Sin embargo, el pícaro apenas es un marginado que no llega a delincuente, no es destructivo contra el sistema y su mayor aspiración es medrar en un mundo que ofrece pocos medios legítimos para ello. Es la frustración la que genera conductas desviadas, una frustración que provoca también el repudio de los valores espirituales de las élites: el pícaro se arrima a los “buenos” porque tiene hambre, en todos los sentidos, pero de la continua observación de un mundo degradado y carente de valores auténticos, saca sus propias conclusiones y una nueva actitud ante la vida. Es un aprendizaje que lleva al pícaro a la decisión fundamental: el mundo no puede cambiarse porque esa lucha es inútil, hay que acomodarse para llegar “a la cumbre de toda la buena fortuna”.
No todo el extenso grupo de marginados que pueblan la novela picaresca son atentos observadores de la corrupción social, debemos reducir a un pequeño número las obras que llamaríamos “críticas”. A la cabeza de todas ellas está “Lazarillo de Tormes”, el referente y modelo, la más honda y trascendente. Se llama “Lazarillo”, pero quien nos da “entera noticia sobre su persona” es Lázaro, el cínico y desilusionado Lázaro que ha acabado comprendiendo demasiado bien el mundo en el que vive. Nos cuenta la historia de su presunto ascenso social, coronado con un oscuro asunto de deshonor que debe defender, y lo hace de manera magistral, mostrando que la lucha de los desfavorecidos no puede llevar sino al sacrificio de la integridad. Para sobrevivir hay que corromperse, ponerse la máscara hipócrita de los destestables principios que ha aprendido a conocer y a manejar.

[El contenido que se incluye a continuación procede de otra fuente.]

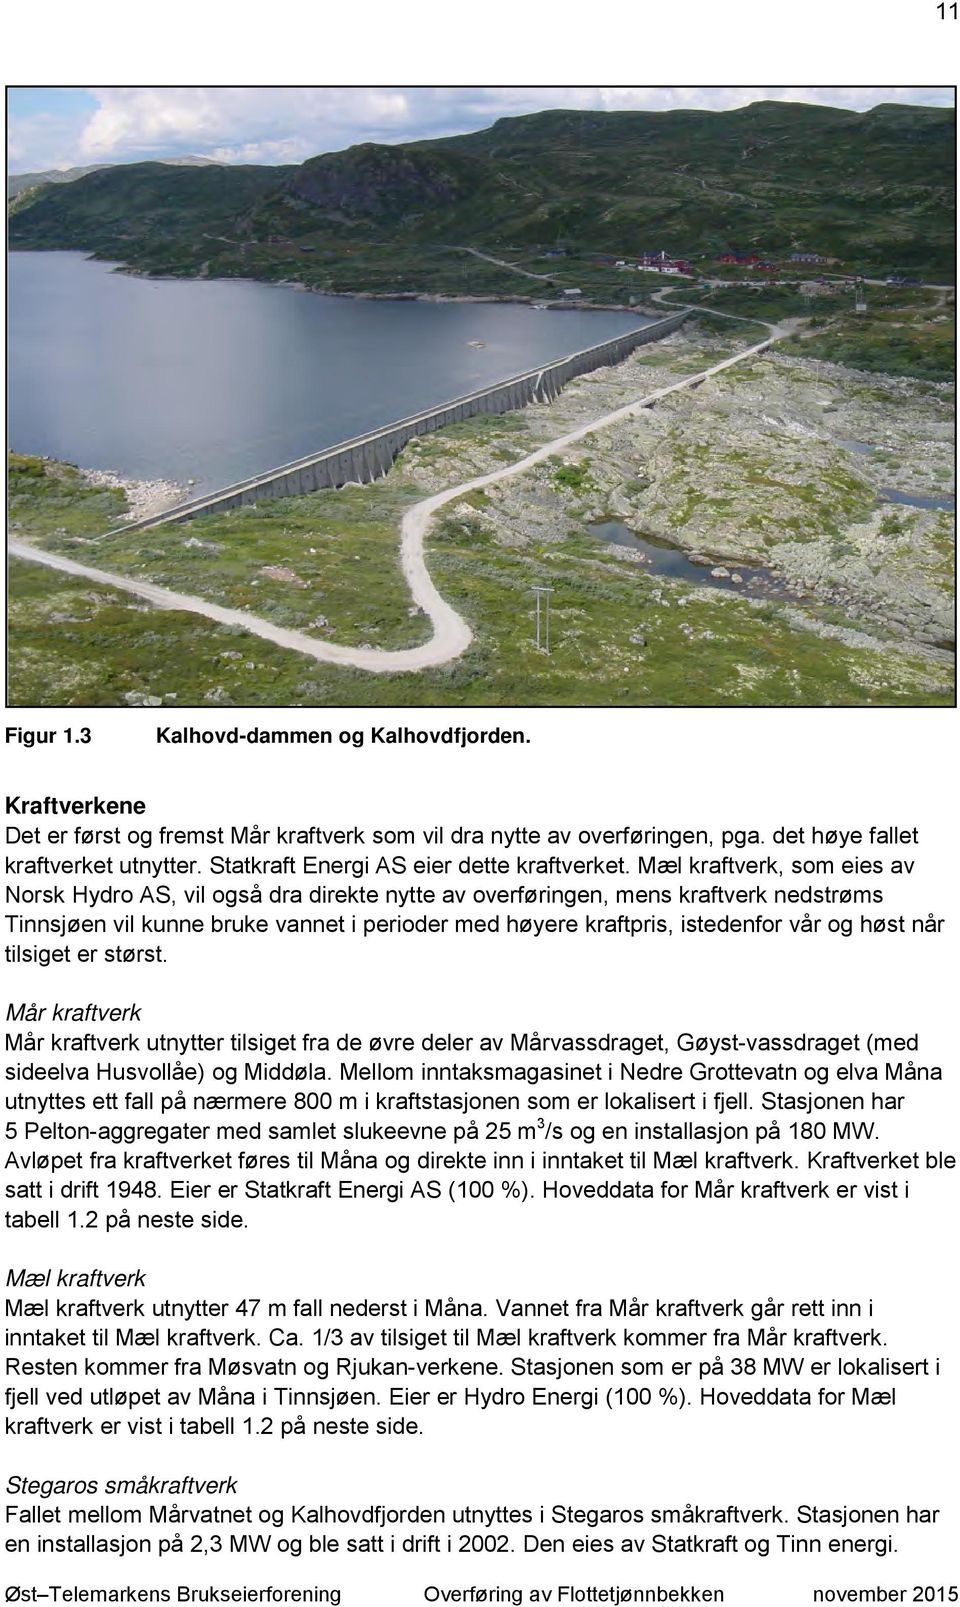 Mæl kraftverk, som eies av Norsk Hydro AS, vil også dra direkte nytte av overføringen, mens kraftverk nedstrøms Tinnsjøen vil kunne bruke vannet i perioder med høyere kraftpris, istedenfor vår og

Todo eso lo vemos en los sucesivos episodios que Lázaro relata para exponer su caso; ha pasado de ser el jovenzuelo que crítica la maldad y la estupidez, a ser un corrupto que se ha asimilado a un mundo en el que reina la maldad. Y quienes viven en él deben aprender esa lección si no quieren ser aplastados.
Lázaro se ha resistido hasta el final, ha intentado mantener su integridad personal ante las presiones exteriores, pero no hay solución, entre la realidad y la apariencia siempre es la apariencia la que predomina de manera avasalladora hasta convertirse en la única verdad. Hay que actuar como un cínico, renunciar al yo y a la dignidad personal, deshumanizarse, la única forma de adaptarse al sistema. Dirán que es una interpretación terriblemente pesimista, la sociedad derrotando al individuo hasta asimilarlo, el gigantismo deshumanizado del Imperio que triunfa aplastando la individualidad. El bienestar conseguido por Lázaro es solo material, deshonroso e ilusorio, casi un símbolo de una España imperial tarada por la miseria y pagada de un falso esplendor.
El mérito del anónimo autor de Lazarillo es haber intuido los males del país, un siglo después ya estaban manifiestos y saltaban a la vista de todos. Es entonces cuando surge el último de los pícaros, Estebanillo González, aplastado también por la ley inhumana de la sociedad sin pretender por un momento corregirla o criticarla. La suerte del Imperio le trae al fresco y su escepticismo ante el futuro de España es claro; como en el Lazarillo, el paralelismo con la evolución del país es obvio: España está derrotada y humillada y Estebanillo, inmerso en un mundo de bajezas y humillaciones extrae de ello las razones de su orgullo.